Lets say we start to introduce caching to this structure. We start from the “inner” most functions that we could imaging Caching would be useful. Lets say there are some GIS operations, like raster::projectRaster, which operates on an input shapefile. We can Cache the projectRaster call to make this much faster, since it will always be the same result for a given input raster.

If we look back at our structure above, we see that we still have LOTS of places that are not Cached. That means that the spades() call will still spawn many module calls, and many event calls, just to get to the one Cache(projectRaster) call which is cached. This function will likely be called many times. This is good, but Cache does take some time. So, even if Cache(projectRaster) takes only 0.02 seconds, calling it hundreds of times means maybe 4 seconds. If we are doing this for many functions, then this will be too slow for some purposes.

We can start putting Cache all up the sequence of calls. Unfortunately, the way we use Cache at each of these levels is a bit different, so we need a slightly different approach for each.

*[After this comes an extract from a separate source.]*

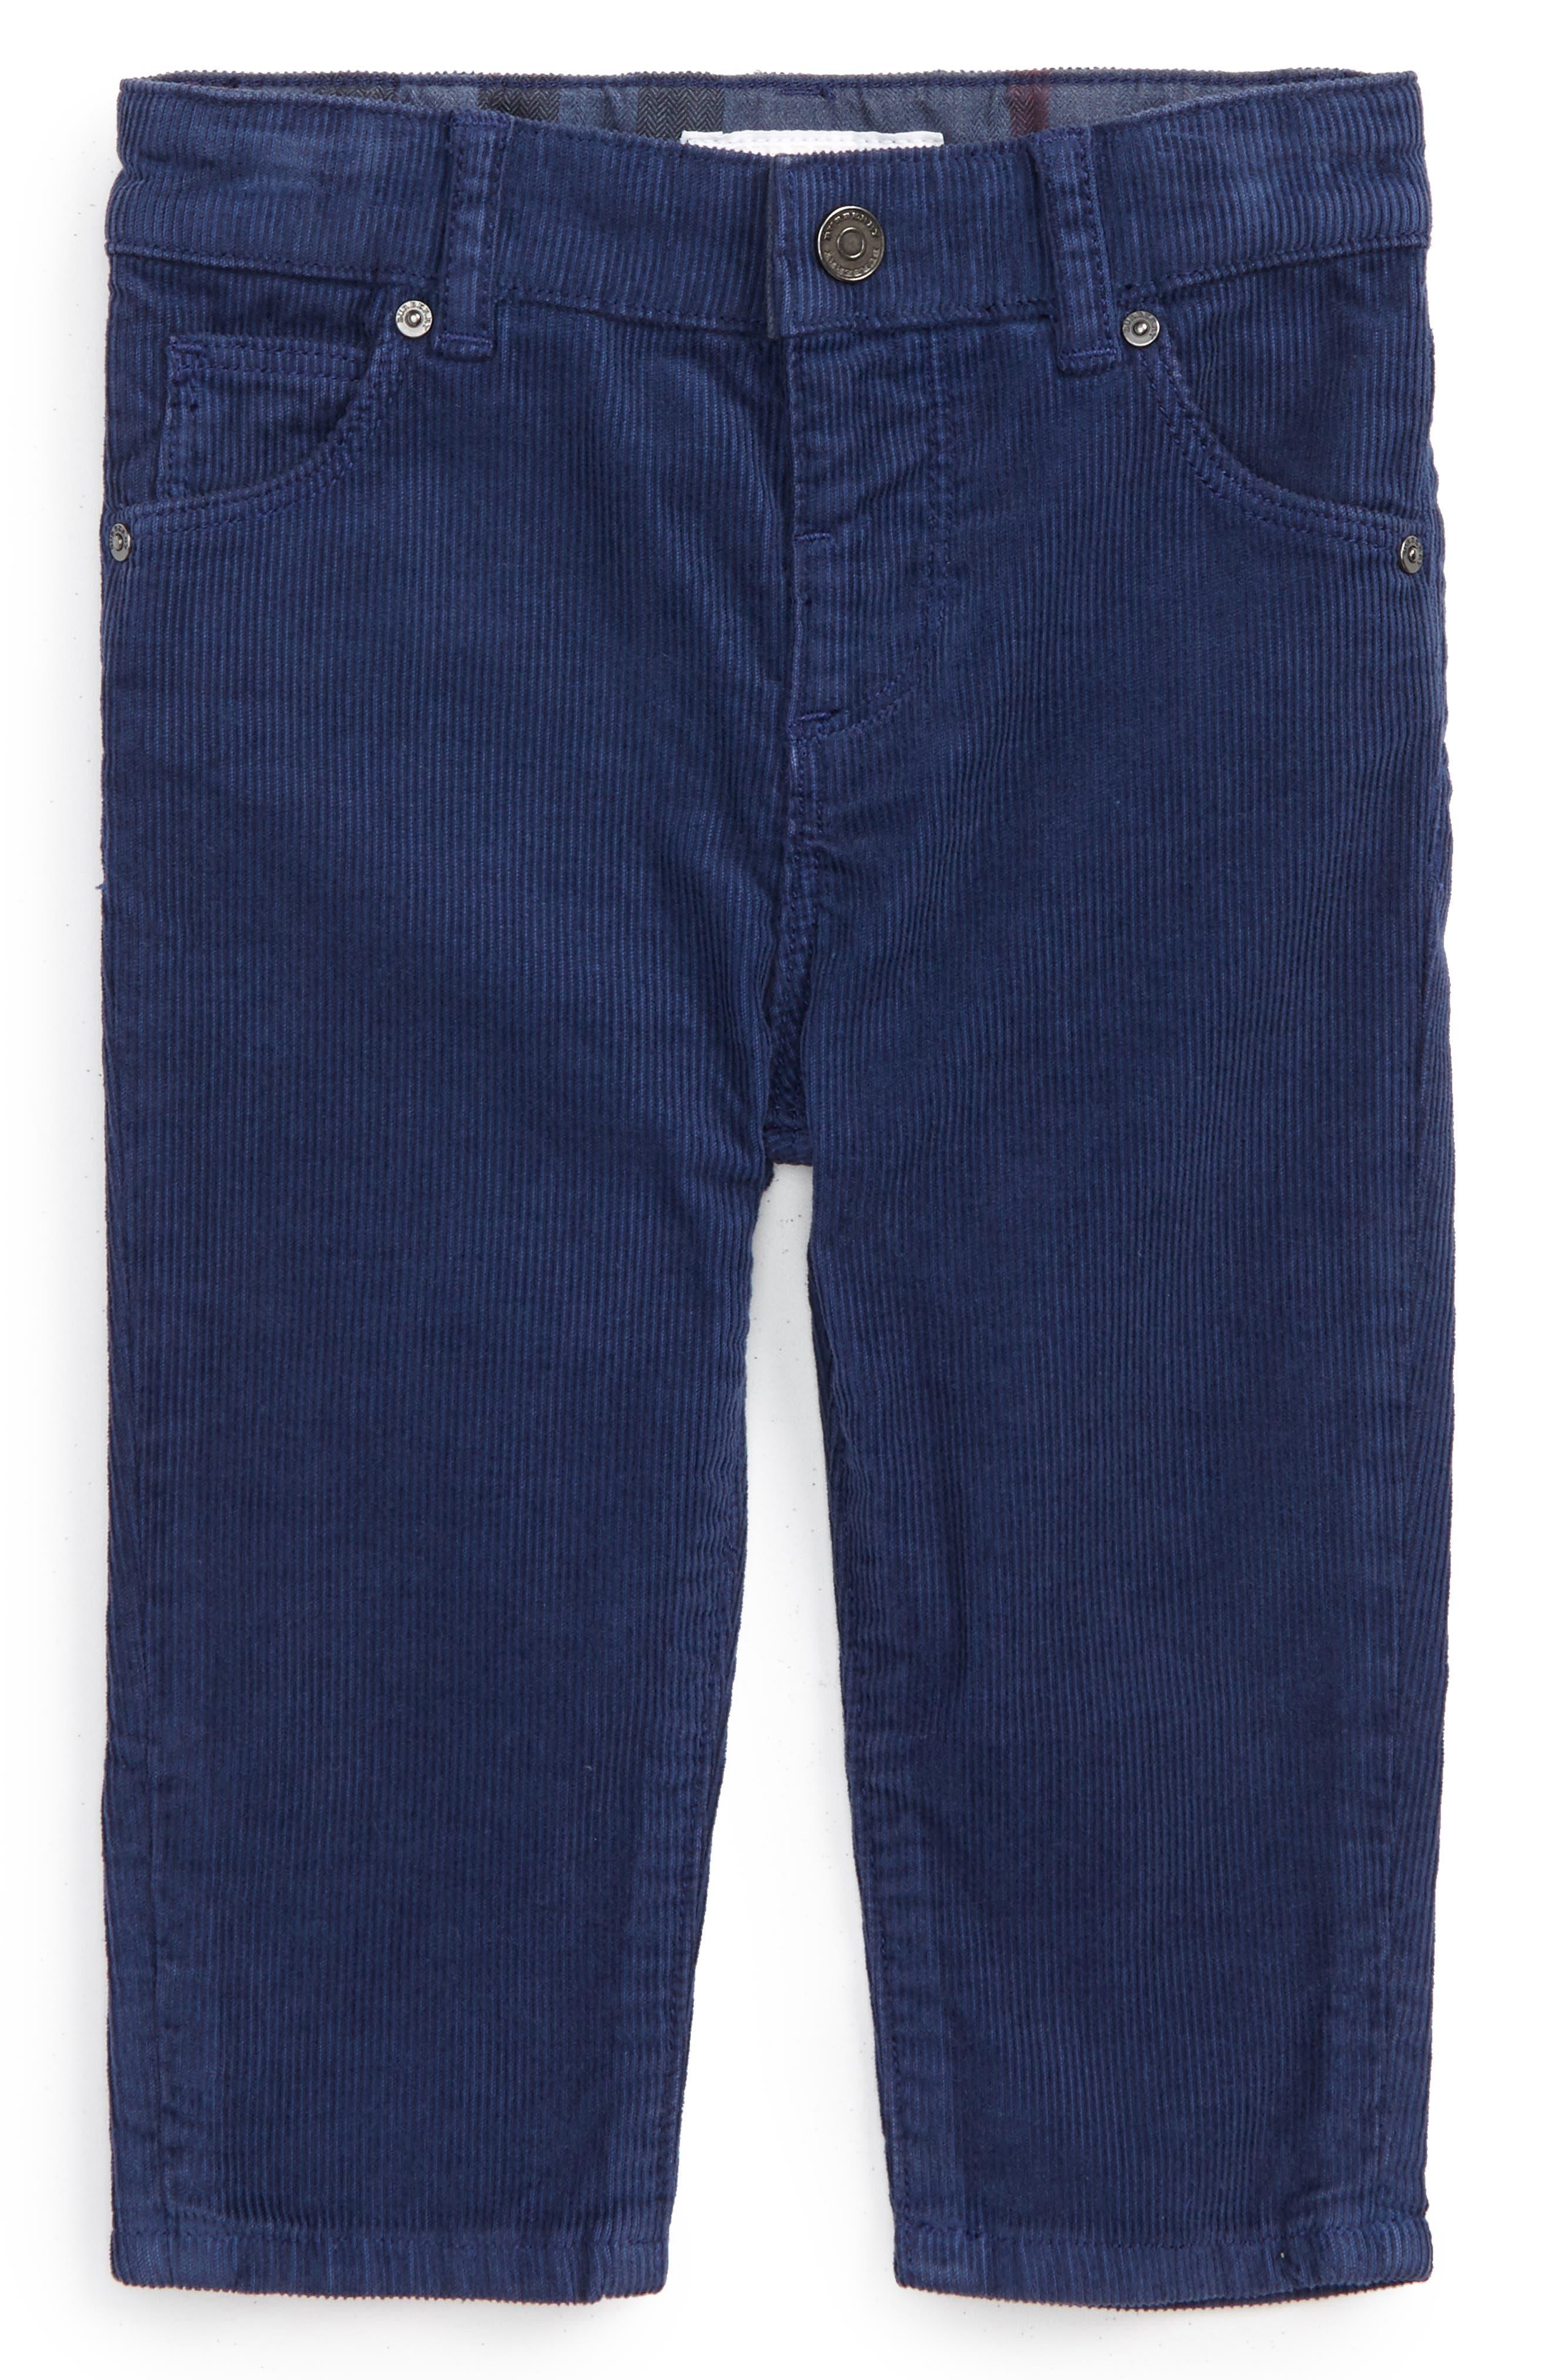 Burberry Langston Corduroy Skinny Pants (Baby Boys)

2.1.0.1 Cache the spades call

spades(cache = TRUE)

This will cache the spades call, causing stochasticity/randomness to be frozen.

2.1.0.2 Cache a whole module

Pass .useCache = TRUE as a parameter to the module, during the simInit

Some modules are inherently non-random, such as GIS modules, or parameter fitting statistical modules. We expect these to be identical results each time, so we can safely cache the entire module.

parameters = list(
  FireModule = list(.useCache = TRUE)
)
mySim <- simInit(..., params = parameters)
mySimOut <- spades(mySim)

The messaging should indicate the caching is happening on every event in that module.

Note: This option REQUIRES that the metadata in inputs and outputs be exactly correct, i.e., all inputObjects and outputObjects must be correctly identified and listed in the defineModule metadata

If the module is cached, and there are errors when it is run, it almost is guaranteed to be a problem with the inputObjects and outputObjects incorrectly specified.

2.1.0.3 Cache individual functions

Cache(<functionName>, <other arguments>)

This will allow fine scale control of individual function calls.

2.2 Data-to-decisions

Once nested Caching is used all the way up to the experiment (see SpaDES.experiment package) level and even further up (e.g., if there is a shiny module), then even very complex models can be put into a complete workflow.

The current vision for SpaDES is that it will allow this type of “data to decisions” complete workflow that allows for deep, robust models, across disciplines, with easily accessible front ends, that are quick and responsive to users, yet can handle data changes, module changes, etc.